Rebecca Stewart, owner of Spice Creek Café in Chico, lived on Vancouver Island for years. There, she operated a restaurant for a decade in the city of Victoria. She sold locally farmed salmon in the early days, but Stewart says dirty industry secrets emerged while the product’s quality visibly deteriorated, and she eventually became unwilling to buy it.

“Now they pack them into the cages like sardines and they feed them coloring and antibiotics,” said Stewart. “I would never feed someone that stuff.”

These days, others are catching on, too. Retail giant Target, for example, recently pulled farmed salmon from its shelves, though that gesture of environmental awareness may be more symbolic than effective. Target stores sold only 250 tons of farmed salmon in 2009, whereas farmed salmon exported to the United States from British Columbia alone totals more than 60,000 tons each year-80 percent of the province’s production. Chile and Norway are two other major suppliers of salmon for the United States market, and countless retailers and restaurants throughout America remain strong supporters of the controversial farmed-salmon industry.

Salmon farms, where parasites called sea lice breed in profuse densities and can smother juvenile wild salmon that pass close to the cages, have led to wild salmon extinction in British Columbia, Norway and other northern nations, according to many experts. On Vancouver Island, the epicenter of the West Coast’s 30-year-old farmed-salmon industry, the damage allegedly caused by open-ocean fish farms has been especially severe. Many streams in the region have seen rapid declines of their wild pink salmon runs since local farming operations began, and several runs have gone extinct.

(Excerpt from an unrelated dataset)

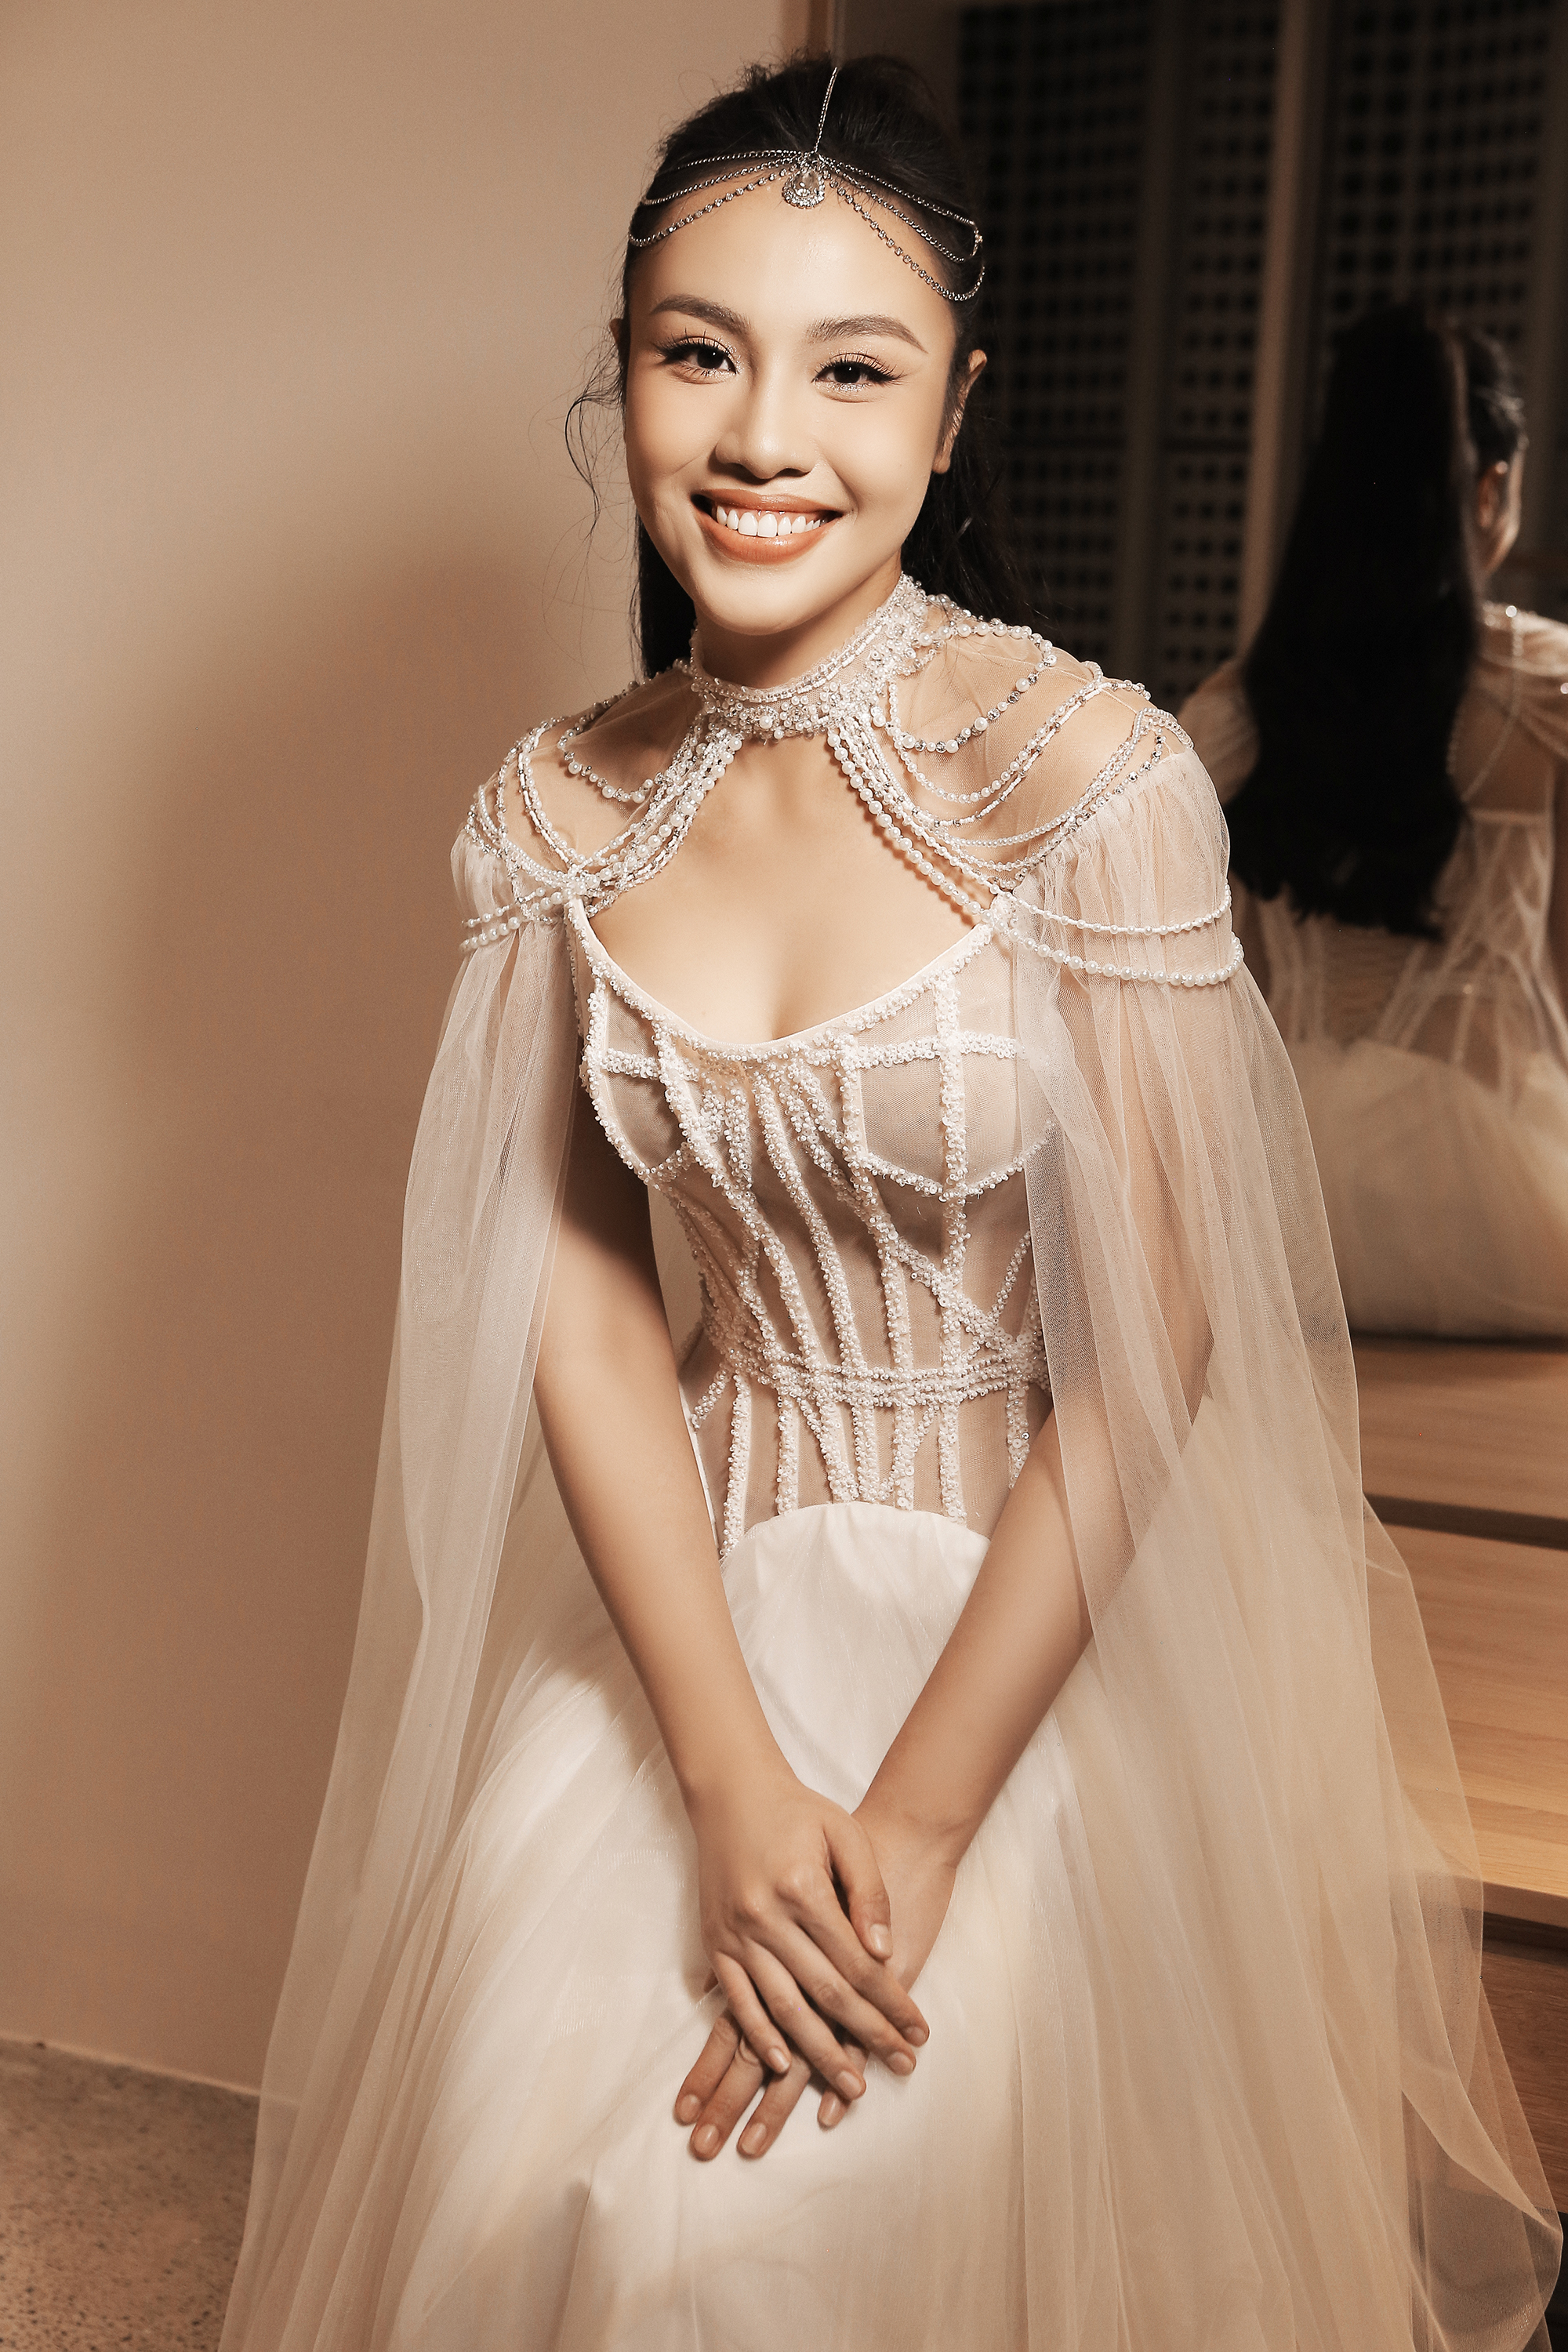 Á hậu Thủy Tiên trình diễn áo cưới cùng Hoa hậu đẹp nhất châu Á 2009 - Ảnh 4.

The worst may still be coming, according to a December 2007 article in Science by Marty Krkosek, who concluded that by 2016 pink salmon will be entirely absent in the waters and rivers of the region’s Broughton Archipelago. Problems are just as serious on the mainland of British Columbia, where the once-mighty sockeye salmon runs of the Fraser River collapsed disastrously last year. Twenty million fish returned annually to the Fraser in recorded history, and while fisheries managers expected to see 10 million spawn in 2009, a record-low 1 million turned up. Biologists have said that salmon farms crowding the waters just north of the river’s mouth likely are at fault. Meanwhile, voices in the salmon-farming industry have denied responsibility.

Ultimately, though, Americans may be the culprits. We create almost insatiable demand for the product, usually treated heavily with chemicals and coloring, and wild salmon runs in regions near the farms are paying the price. Locally, Canadian farmed salmon appears at large grocery chains like Safeway and Costco. At the restaurant level, The Rawbar serves sashimi cuts of salmon farmed near Vancouver Island.